**Task instructions:**
Pictures aside, repeat the whole listing word for word.

**Data provided:**
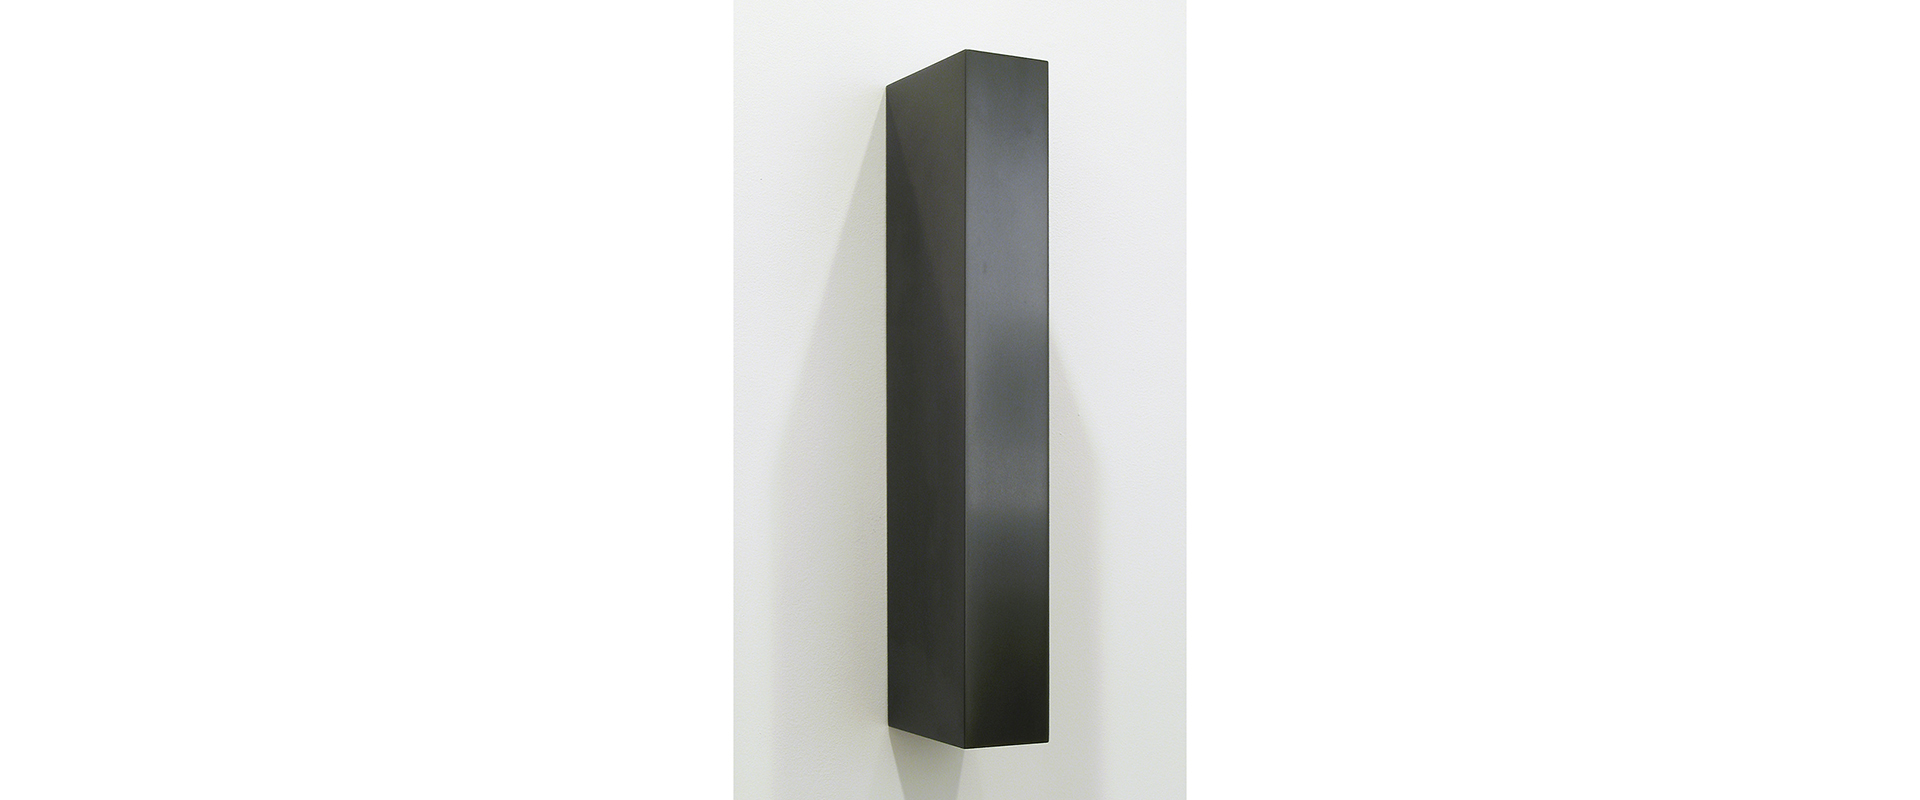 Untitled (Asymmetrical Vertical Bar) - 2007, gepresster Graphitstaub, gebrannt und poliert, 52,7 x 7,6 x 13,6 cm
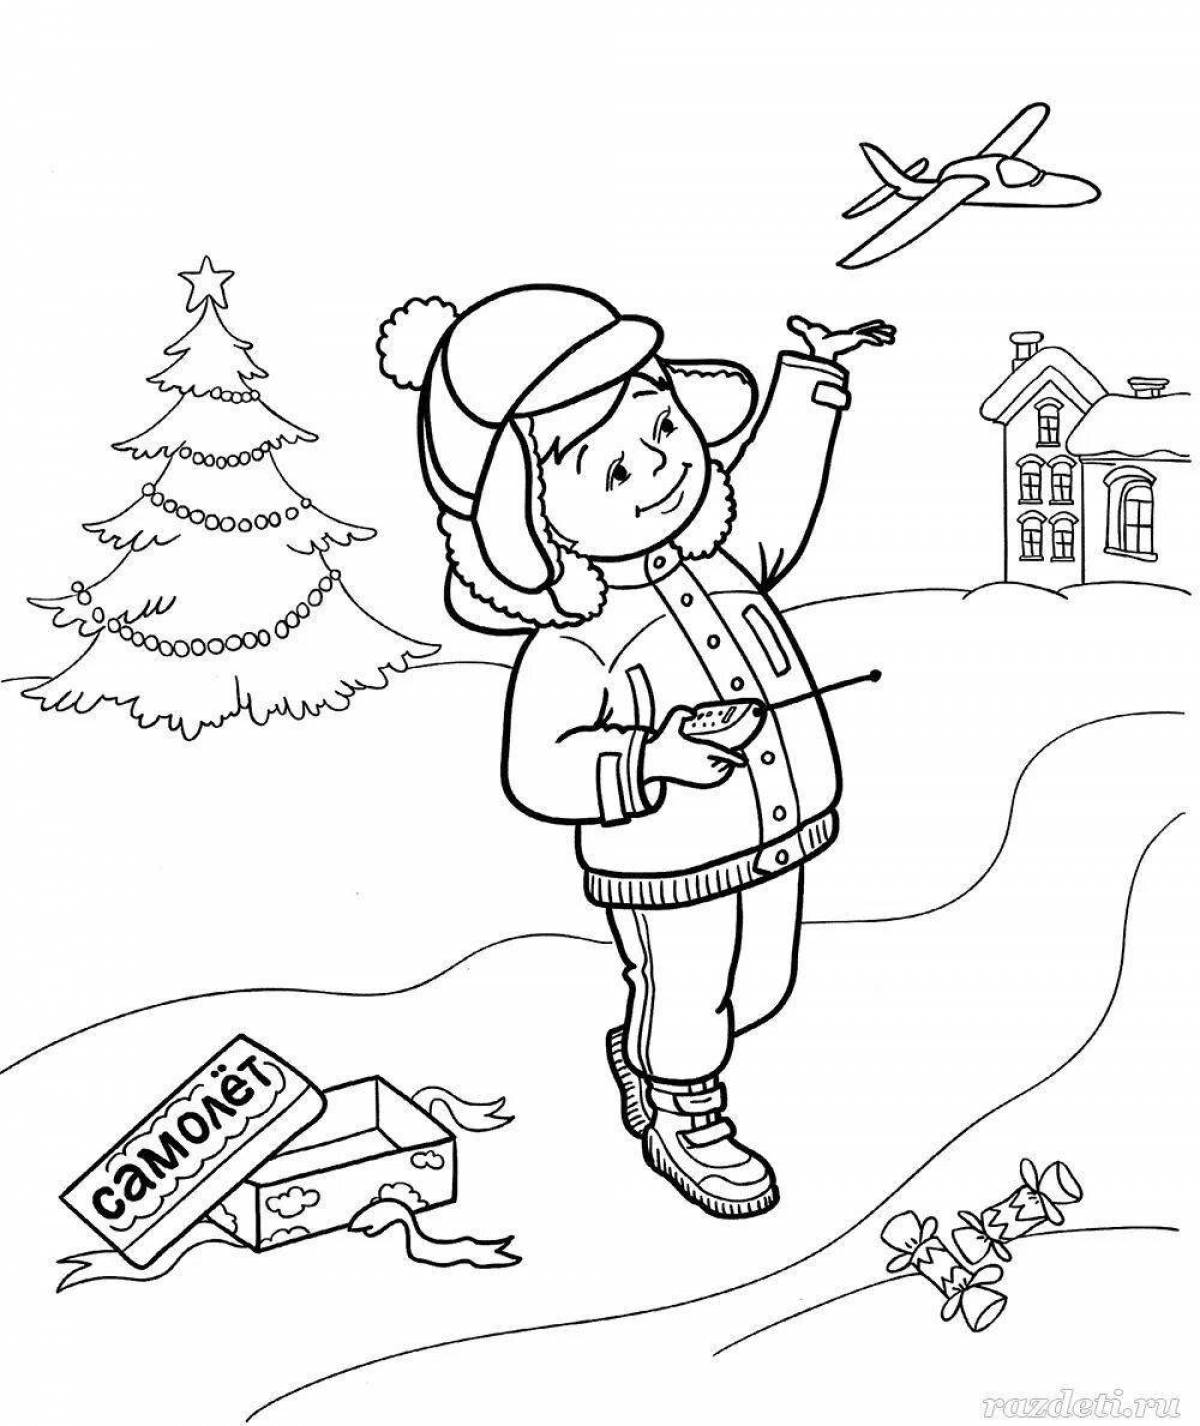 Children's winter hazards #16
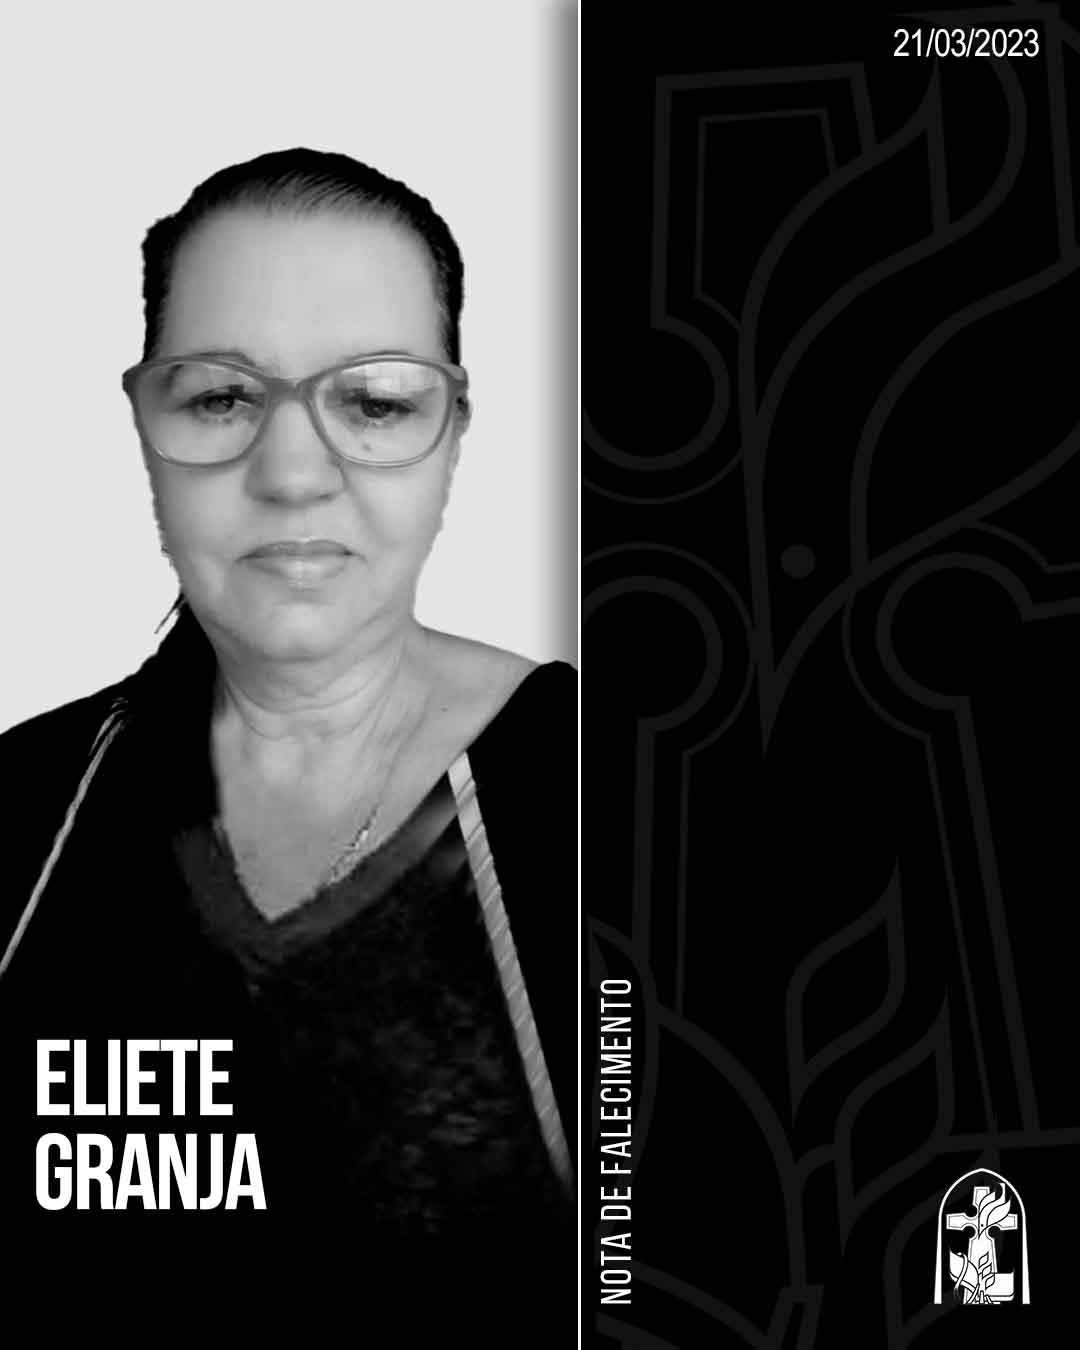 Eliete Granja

**Reply:**
 Untitled (Asymmetrical Vertical Bar) - 2007, gepresster Graphitstaub, gebrannt und poliert, 52,7 x 7,6 x 13,6 cm
 Children's winter hazards #16
 Eliete Granja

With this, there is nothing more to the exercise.